Литмир - Электронная Библиотека

— Вам судить.

— Или это намек на исчезновение двух подмастерьев Микеланджело, юных эфебов, чьи изображения можно увидеть в Сикстинской капелле, — и которых никто больше не видел в реальности?

— Мне нечего сказать.

— Но вас, похоже, не удивляет эта параллель?

— Я читал вашу книгу.

— Я польщен.

— С чего бы?

— А как вы рассматриваете ключевые проблемы современности с точки зрения вашего искусства?

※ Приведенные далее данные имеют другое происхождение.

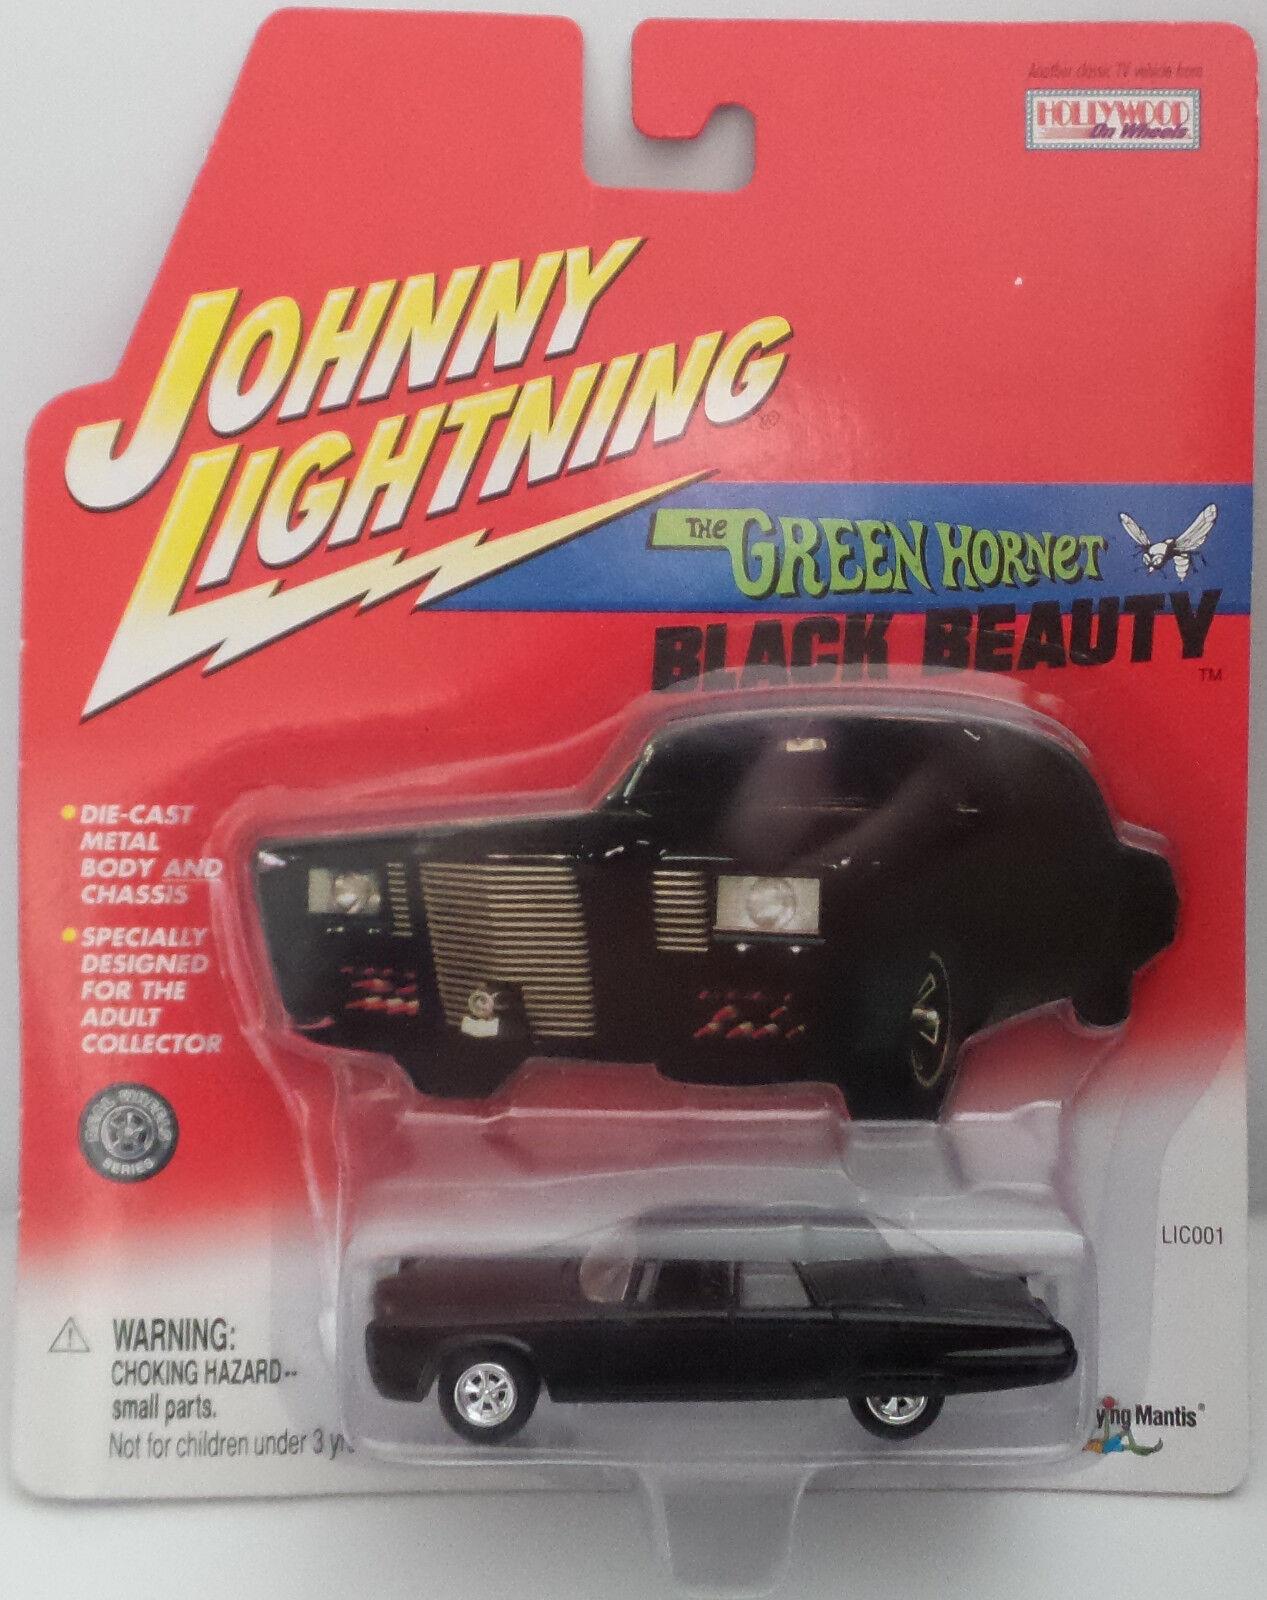 El Avispón verde  escala 1 64 Belleza Negra Die Cast Modelo por Johnny Lightning

— Я вообще ничего не рассматриваю — я продаюсь.

— В каком смысле?

— Париж — провинция. Деньги и слава. Вы пишете в ваших газетах только о том, за что платят, вы освещаете только известных людей — вот мне и пришлось прославиться. Я убил девушек, которых писал, чтобы вы посмотрели на мои картины.

— То есть вы пытаетесь вернуть искусство в мегаполис посредством хэппенинга?

— Нет, я тычу вас носом в вашу глупость, в ваше невежество, в вашу никчемность. Вас считают величайшим французским искусствоведом, а кто вы есть на самом деле? Флюгер, возомнивший себя ветром.

— Это лишь доказывает, что искусство, каково бы оно ни было, выше любых провокаций, — перевел Лaмоль.

— Да я же дерьмо пишу! Ты лучше посмотри на них, на мои картины, идиот, чем подсчитывать свой барыш! Мне не удается запечатлеть десятой, сотой доли моего замысла! Скажи это своим читателям! Объясни им, что я самозванец и жулик! Я невиновен, слышишь ты? Я повесил на себя убийство, чтобы обо мне узнали хотя бы из уголовной хроники, потому что это единственная возможность! Я сел в тюрьму, чтобы услышали мой голос! Вам это нравится, а? Нравится? — Он встал, обращаясь ко всем репортерам за кадром. — Художник-убийца, каннибал с кистью, Ландрю от палитры! Это оригинальный аспект, это people, это reality, это интересно людям, а обычным художникам остается лишь помалкивать, тем, которые не убивают, чтобы сделать себе имя, которым надо умереть, чтобы продать хоть одно полотно! Все заодно против искусства, оно как кость в горле неудачникам, трусам, бездельникам вроде вас! Ну же, защищайтесь! Скажите лучше что-нибудь, чем записывать меня! Я плюю вам в лицо, а вы утираетесь и просите еще, чем громче я протестую, тем больше вам это нравится, а почему — да потому что мои картины, которые вы успели купить, от этого растут в цене! Спекулянты, ничтожества, лавочники, вон отсюда, мне обрыдли ваши бухгалтерские рожи, убирайтесь, ну, идите делать моду куда хотите, пошли вон, живо, все! Я вас выгоняю! Вычеркиваю! Выключаю! Прочь! Сторож, очистите помещение! ОЧИСТИТЕ ПОМЕЩЕНИЕ!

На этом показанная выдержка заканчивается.